Victoria Spivey (October 15, 1906 – October 3,1976) was a blues singer and songwriter. During a recording career that spanned forty years, from 1926 to the mid 1960s, she worked with Louis Armstrong, King Oliver, Clarence Williams, Luis Russell, Lonnie Johnson, and Bob Dylan. Among her compositions are "Black Snake Blues", "Dope Head Blues" and "Organ Grinder Blues". In 1962 she initiated her own recording label, Spivey Records.
Nellie Lutcher (October 15, 1912 – June 8, 2007) gained prominence as a vocalist in the late 1940s and early 1950s. She was most recognizable for her diction and exaggerated pronunciation, and was credited as an influence by Nina Simone among others. In 1935, she moved to Los Angeles, where she began to play swing piano, and also to sing, in small combos throughout the area.
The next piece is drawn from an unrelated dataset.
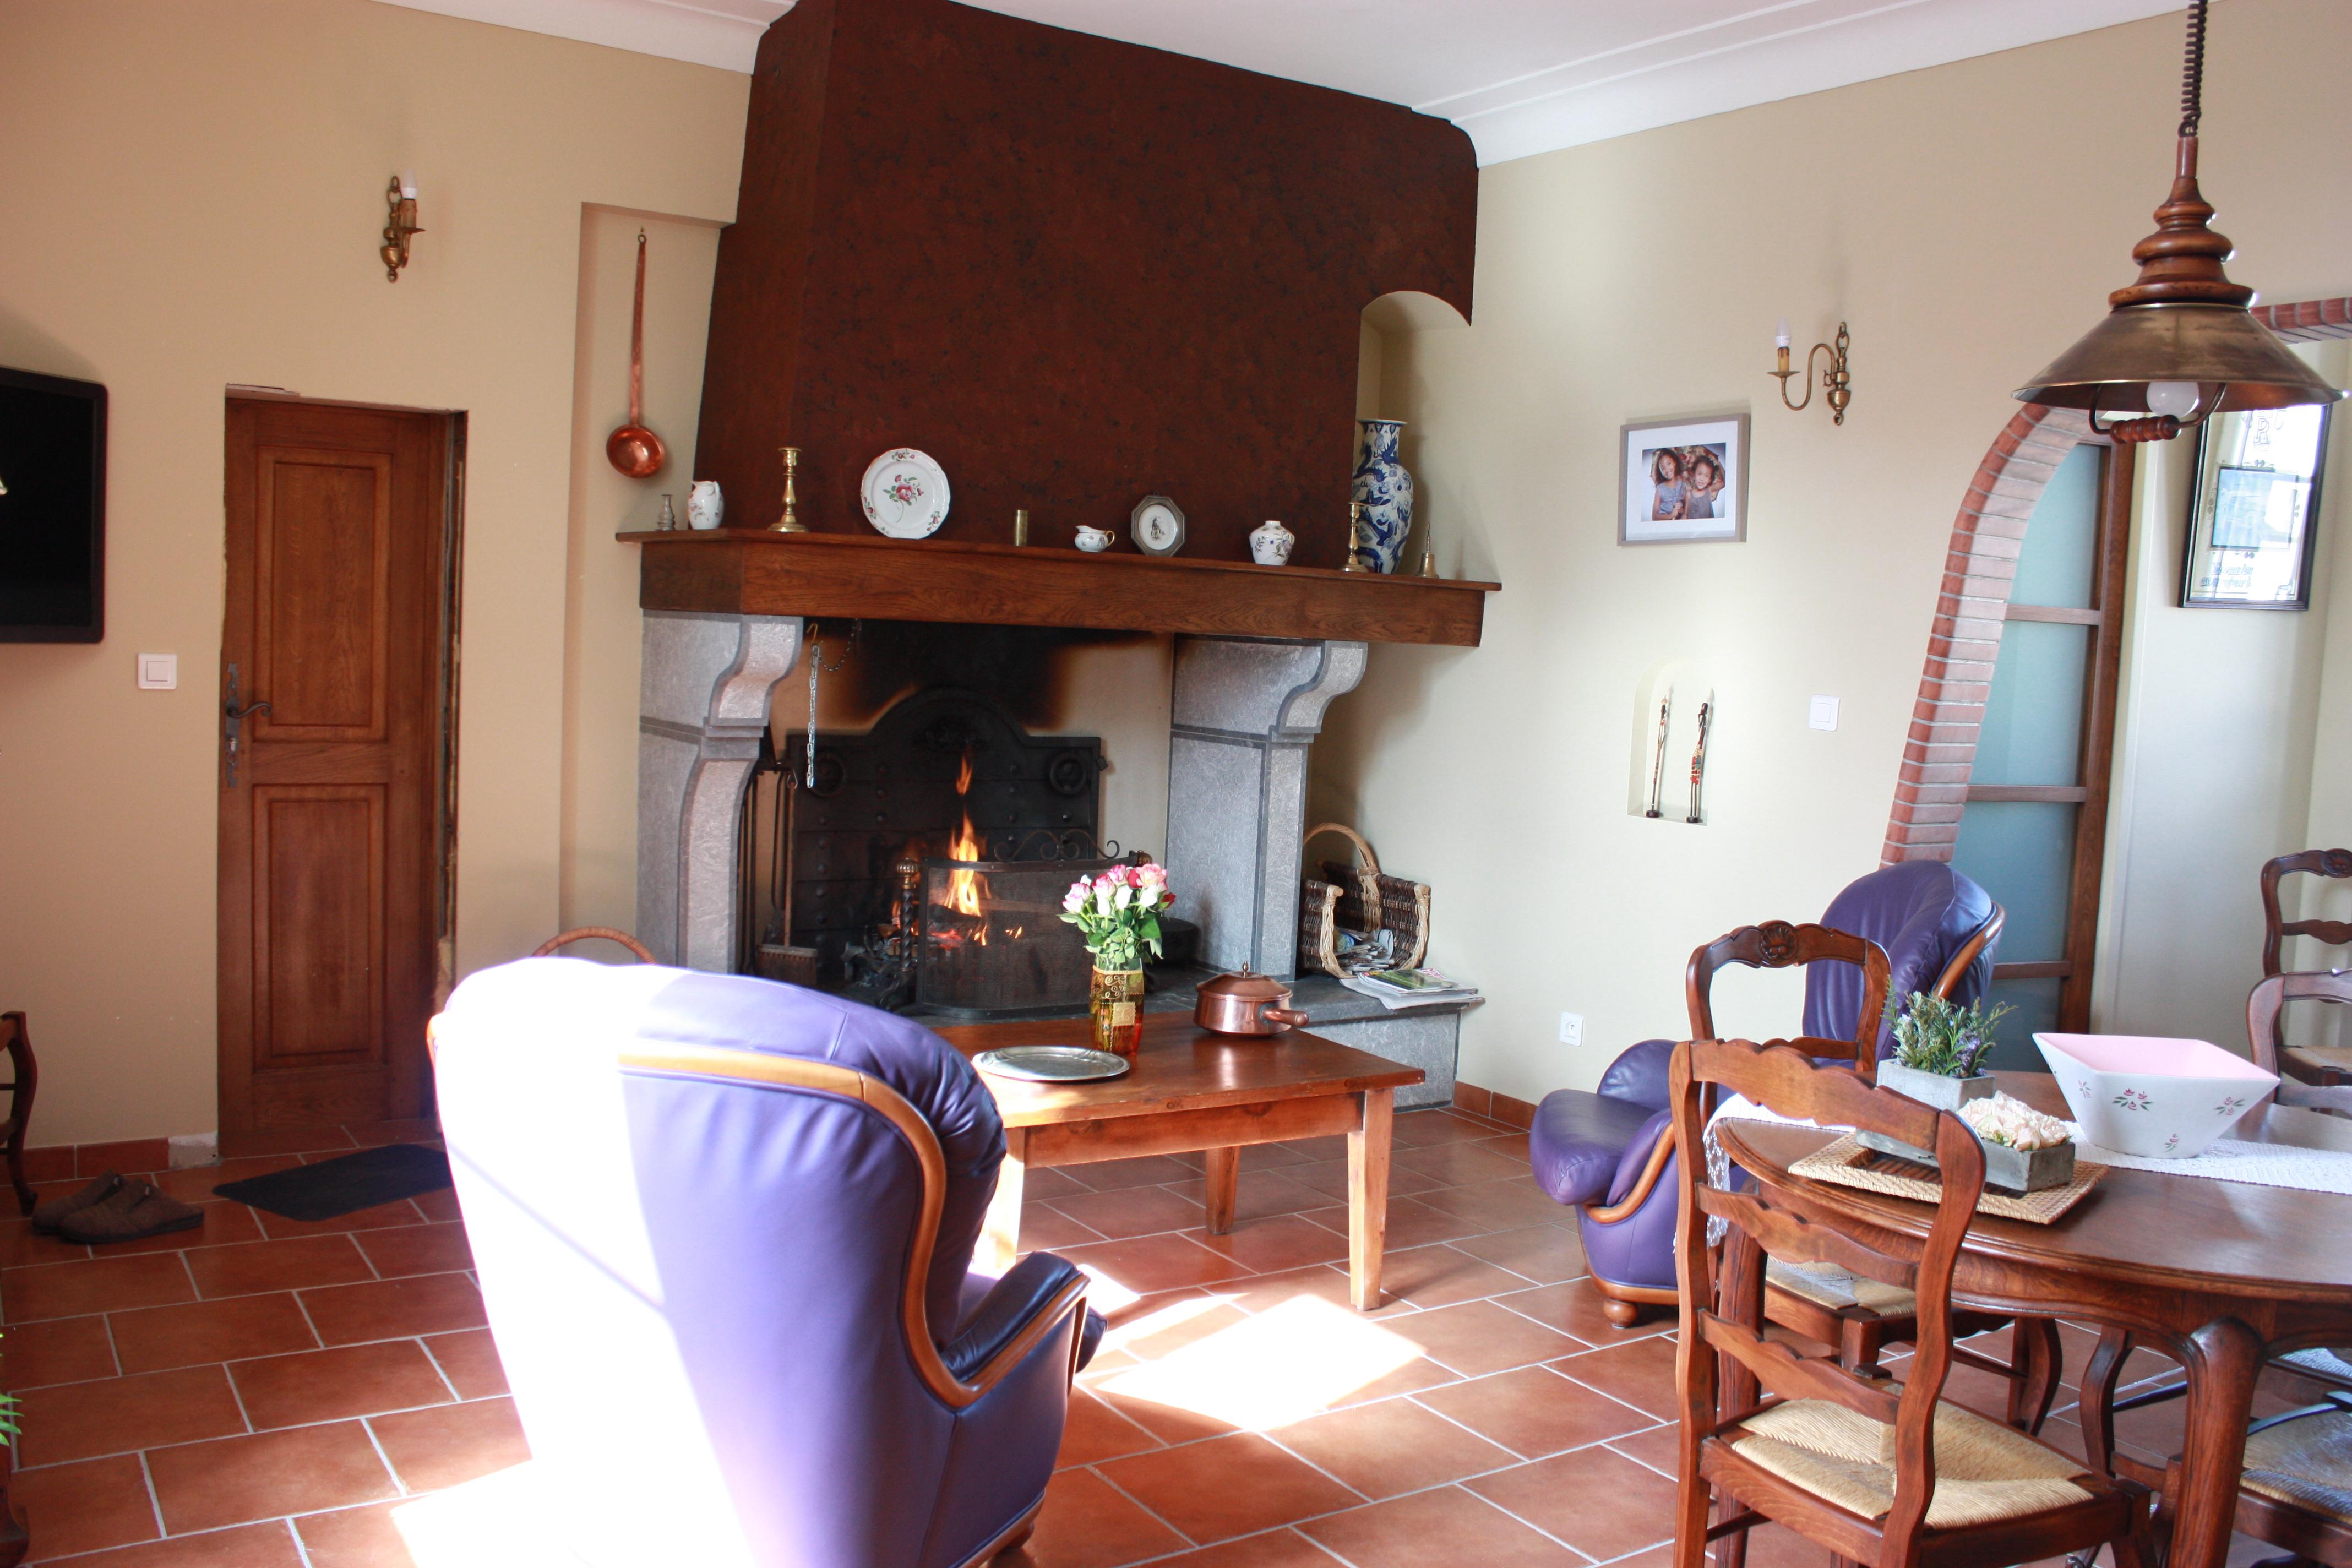 Interieur maison de campagne le clos du carme une maison for Interieur de maison de campagne

An appearance on a 1947 radio broadcast of a March of Dimes talent show led to a recording contract with Capitol Records and a number of R&B hits over the next decade, including "Hurry on Down" and "Fine Brown Frame". She wrote many of her own songs and retained the valuable publishing rights to them, as well as investing her income in Los Angeles real estate,
Willie Eldon O'Ree (born October 15, 1935) is a Canadian former professional ice hockey player, known best for being the first Black player in the National Hockey League. He made his NHL debut with the Boston Bruins on January 18, 1958 and scored four goals and ten assists in his NHL career, all in 1961. In the minor leagues, O'Ree won two scoring titles in the Western Hockey League (WHL) between 1961 and 1974.
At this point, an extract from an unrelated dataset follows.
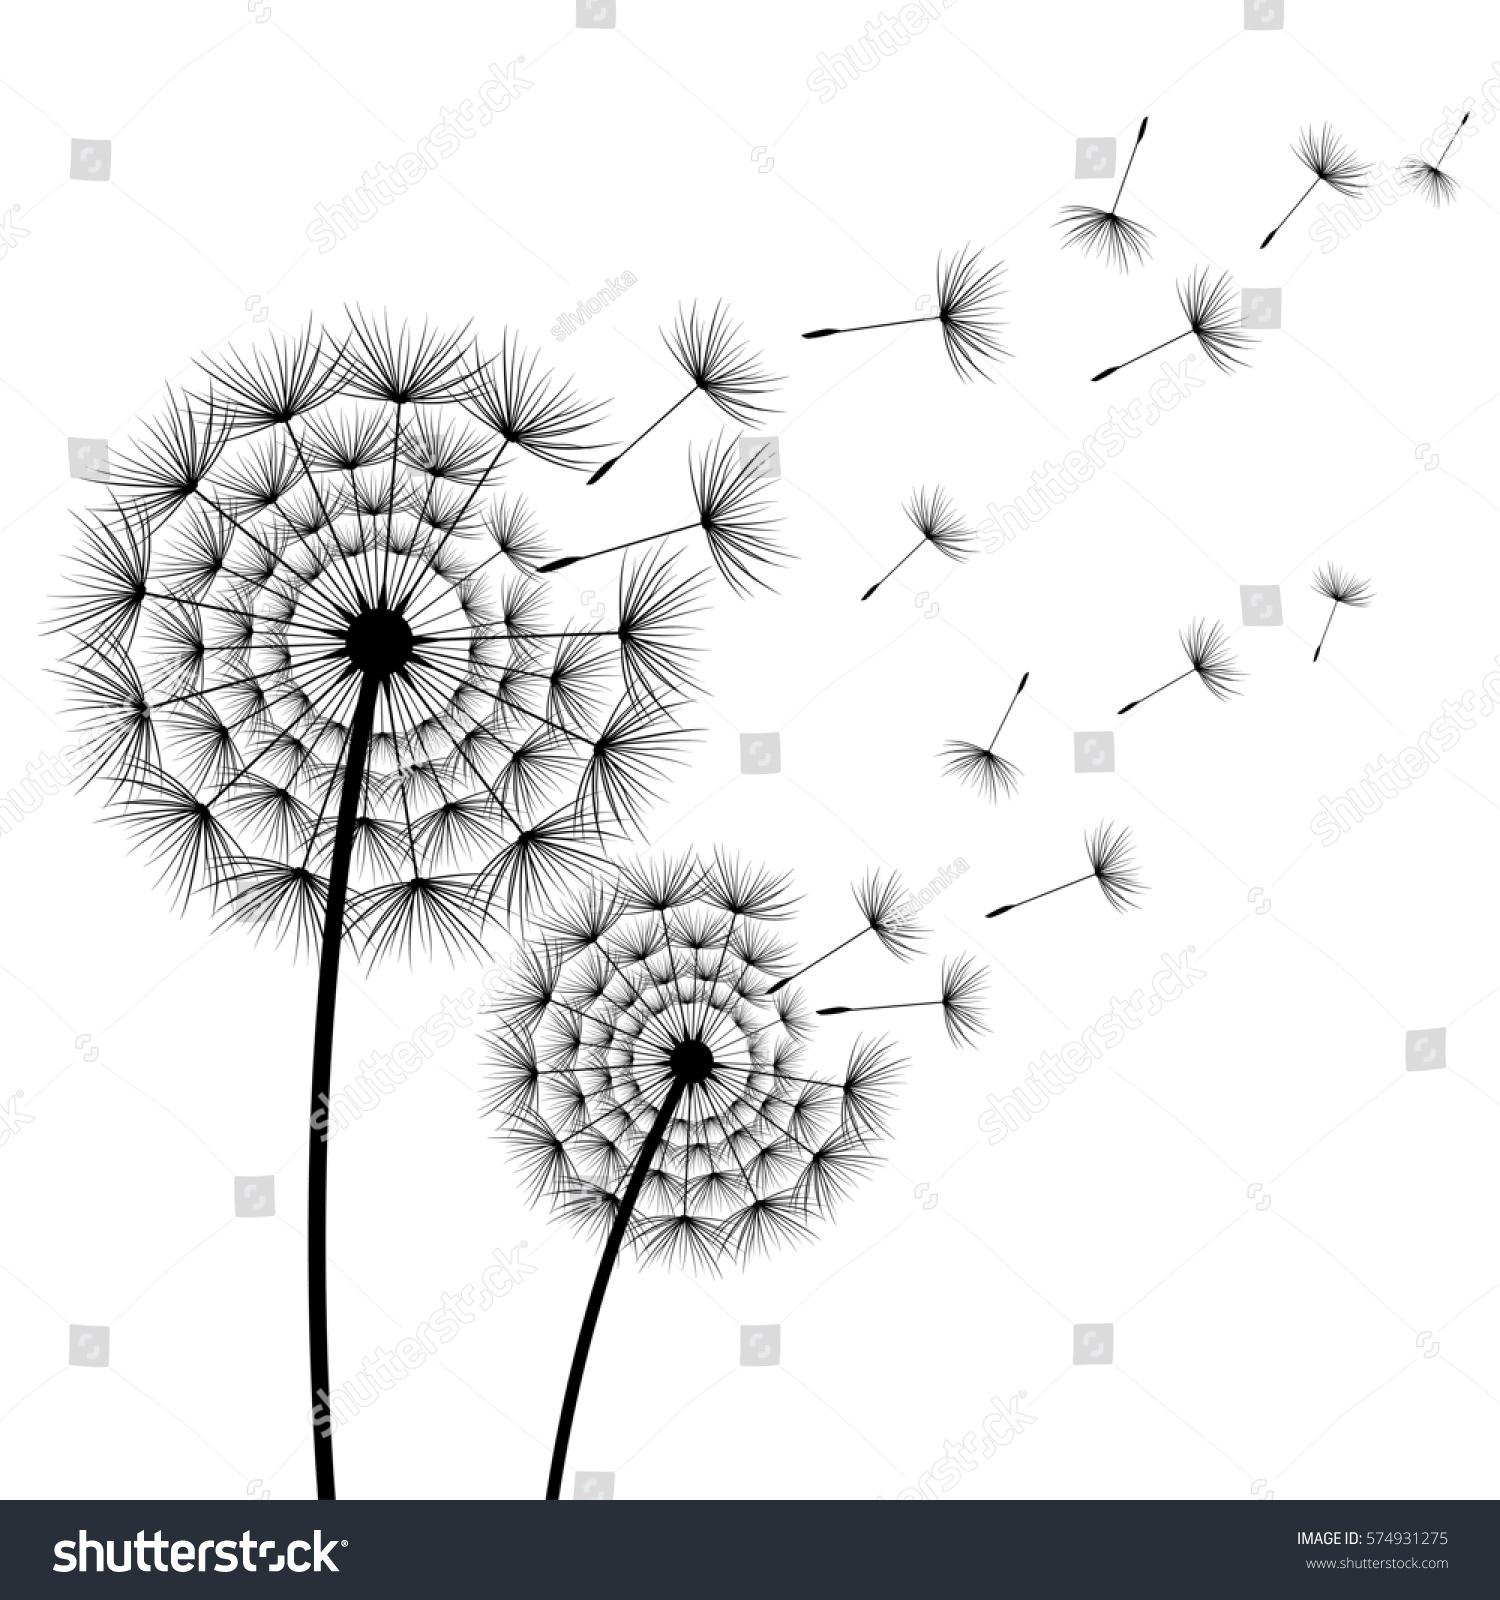 Two Beautiful Stylized Black Flowers Dandelions 574931275

Fela Anikulapo Kuti (October 15, 1938 - August 2, 1997), or simply Fela, was a Nigerian multi-instrumentalist musician and composer, pioneer of Afrobeat music, human rights activist, and political maverick. The musical style of Felá is called afrobeat, a style he largely created, which is a complex fusion of jazz, funk, Ghanaian/Nigerian highlife, psychedelic rock and traditional West African chants and rhythms. Afrobeat also borrows heavily from the native "tinker pan" African-style percussion that Kuti acquired while studying in Ghana with Hugh Masekela.
Events
On October 15, 1883, the U.S. Supreme Court ruled on a group of five related cases known as the Civil Rights Cases. In these suits against private hotels, theaters, or transportation companies by plaintiffs who had been denied "whites only" services, the court in an 8-1 majority ruled that the Civil Rights Act of 1875 was unconstitutional because Congress did not have the power to regulate discriminatory acts by private individuals or organizations which the act called for. The lone dissent was by Justice John Marshall Holland (shown left), as it was in the 1896 Plessy v. Ferguson decision.
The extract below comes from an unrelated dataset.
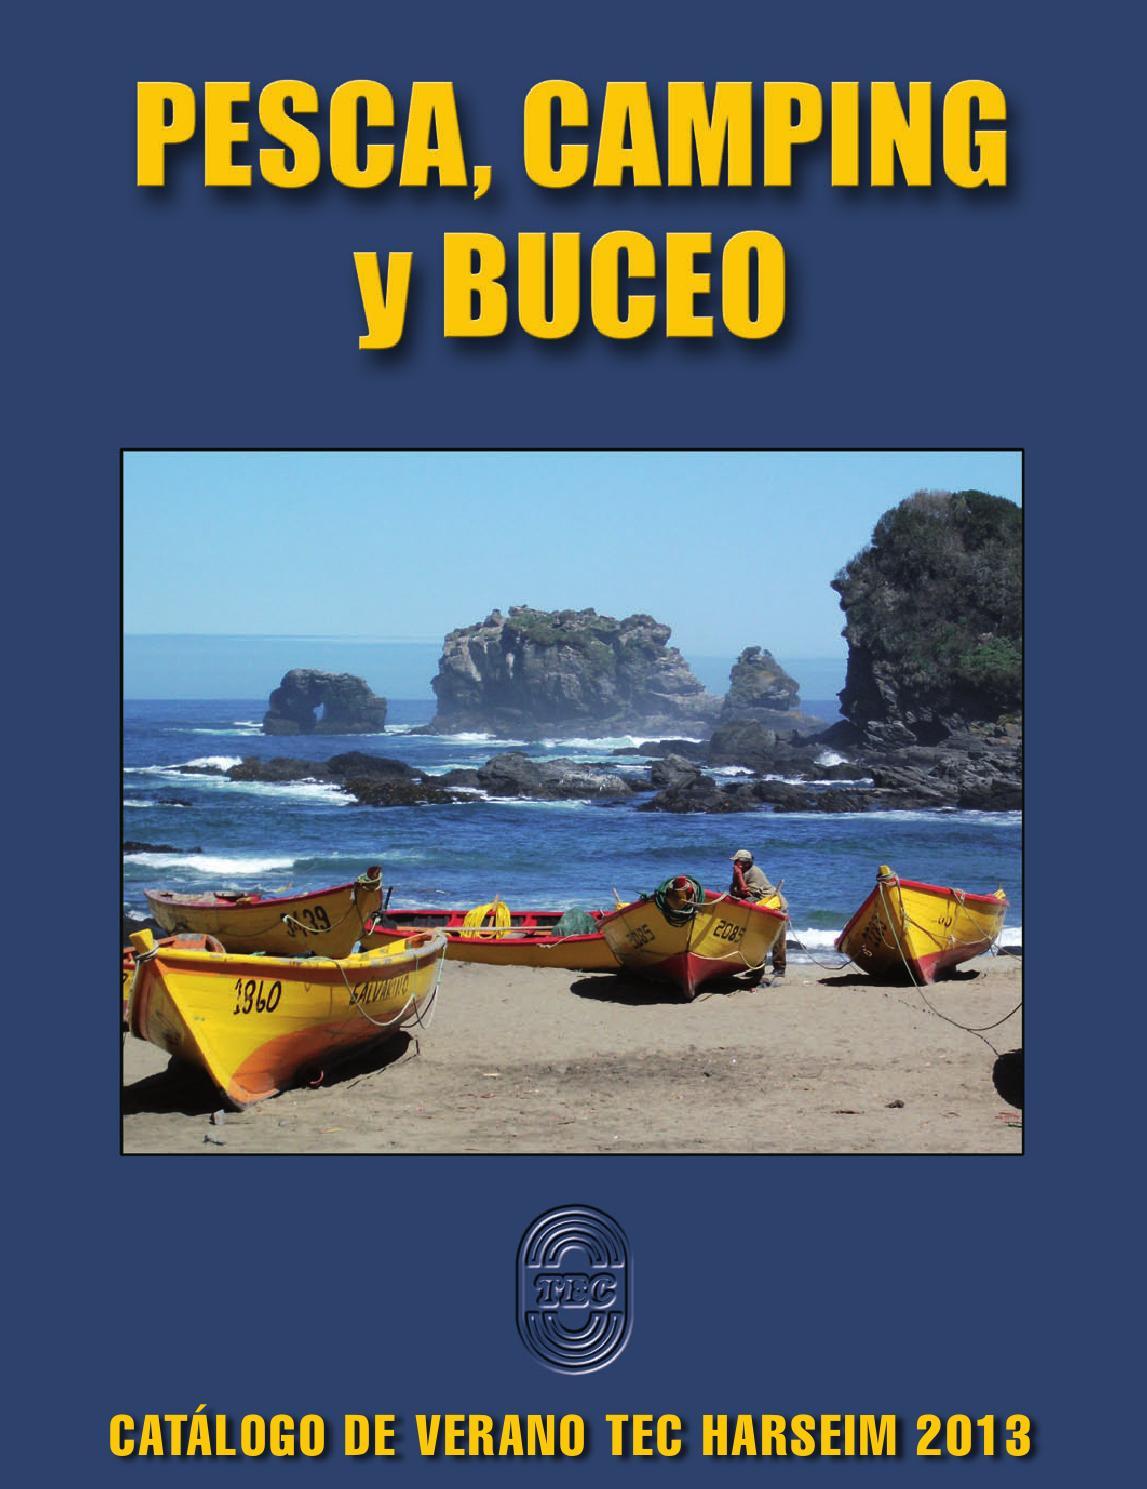 Pesca, Camping y Buceo - Catálogo 2013 by TEC Harseim Ltda. - - issuu

On October 15, 1966, the Black Panther Party was formed in Oakland, California, originally as an organization to monitor and protect against police brutality, and expanding into community social services the next year. Shown at left are the six original members: Top left to right: Elbert "Big Man" Howard, Huey P. Newton (Defense Minister), Sherwin Forte, Bobby Seale (Chairman); Bottom: Reggie Forte and Little Bobby Hutton (Treasurer). Eldridge Cleaver joined a few months later, serving as Minister of Information.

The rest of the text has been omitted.